The leak, occurring via version 2.1.88 of @anthropic-ai/claude-code, was more than just a code dump; it was a psychological profile of an organization moving at breakneck speed. The central irony is almost too perfect: buried within the 60MB of leaked files was a secrecy subsystem called Undercover Mode. While this module was designed to scrub internal codenames and prevent accidental disclosures, the very process of shipping it was the vehicle for its exposure. As a lead software architect, looking at this repository feels like watching a high-stakes laboratory being run with the rigor of a 3:00 AM side project.
The Anatomy of a Packaging Error

The exposure was not the result of a sophisticated state-sponsored breach. It was a failure of basic engineering hygiene. The transition of Claude Code to the Bun runtime—which Anthropic acquired in late 2024—introduced a specific failure point in the build pipeline. This is the ultimate “own goal” for a company that now owns the tools it uses to build its products.
Technical Deep Dive: The Bun Bundler Bug
The technical root cause was Bun issue #28001. This bug causes the Bun bundler to generate and serve source maps even when the environment is explicitly set to development: false. While Anthropic engineers likely assumed their production flags would suppress these artifacts, the bundler appended a sourceMappingURL comment to the output regardless. This resulted in the cli.js.map file being created and, due to the absence of a *.map exclusion rule in the .npmignore file, being published directly to the public registry.
The damage of a leaked source map cannot be overstated. Because the sourcesContent field within the cli.js.map file was populated, it didn’t just provide hints; it reconstructed the original, unminified, and unobfuscated TypeScript source code for nearly 2,000 files. Any developer with the file could effectively hit “undo” on the entire compilation process. The fact that the npm pack output—which takes roughly 10 seconds to verify—was never audited before publishing is a damning indictment of the company’s release hygiene.
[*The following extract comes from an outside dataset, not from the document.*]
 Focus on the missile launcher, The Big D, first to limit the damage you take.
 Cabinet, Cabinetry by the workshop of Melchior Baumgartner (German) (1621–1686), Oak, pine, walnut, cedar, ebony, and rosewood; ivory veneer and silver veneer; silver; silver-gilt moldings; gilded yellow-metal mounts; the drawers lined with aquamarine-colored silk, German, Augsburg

Roadmaps and Codenames: What Was Under the Hood

For the investigative journalist, the leak provided a raw, unvarnished look at Anthropic’s internal model trajectory. The codebase was littered with 44 feature flags and model identifiers that pull back the curtain on the next two years of AI development. Among the most notable discoveries were:
- Tengu: The internal project codename for Claude Code itself. Telemetry events throughout the codebase are prefixed with tengu_, revealing the tool’s foundational identity.
- Capybara: Strongly linked in internal comments to Mythos, a next-frontier model currently being tested with a staggering 1-million-token context window.
- Fennec: The internal designation for Opus 4.6, confirming the model’s existence and active integration into agentic workflows.
- Numbat: A model identifier currently appearing in internal testing loops.
- Opus 4.7 and Sonnet 4.8: These specific version strings were found within the Undercover Mode prompts, indicating that Anthropic is already planning for iterations well beyond current public releases.
The codebase also utilized “gemstone” codenames for feature-level flags, such as tengu_cobalt_frost for voice synthesis and tengu_amber_quartz as an emergency safety override for voice modalities. These reveal an architecture that is physically capable of much more than the public is currently permitted to see.
Feature Reveal: From KAIROS to ASCII Pets
The leak confirms that Anthropic is sitting on a reservoir of “agentic” capabilities that transform the AI from a chatbot into a persistent, autonomous worker.
KAIROS and ULTRAPLAN
The most significant revelation was KAIROS, an “always-on” daemon. Unlike the current interactive mode, KAIROS operates in the background, monitoring a developer’s environment and taking proactive actions—such as sending push notifications or subscribing to Pull Request events—without direct human invocation. This is the shift from “AI tool” to “AI colleague.”
Working alongside this is ULTRAPLAN, a feature that offloads complex architectural tasks to a remote Opus 4.6 session. This allows the system to engage in up to 30 minutes of “remote reasoning” before returning a consolidated plan to the local terminal, bypassing the token limits and latency of standard local execution.
The Multi-Agent Coordinator and Buddy
The architecture also supports Multi-Agent Coordinator Mode, which allows Claude Code to spawn parallel subagents, assign them unique scratchpads, and synthesize their results. This suggests that the future of the product is not a single model, but a swarm of specialized workers.
Yet, amidst this high-tech ambition, we find the Buddy system—a Tamagotchi-style pet companion. The system features 18 species (including “chonks” and dragons) with gacha-style rarity and a 1% “shiny” variant. The internal commentary on the pet system is remarkably casual compared to the security protocols:
“Mulberry32 — tiny seeded PRNG, good enough for picking ducks.”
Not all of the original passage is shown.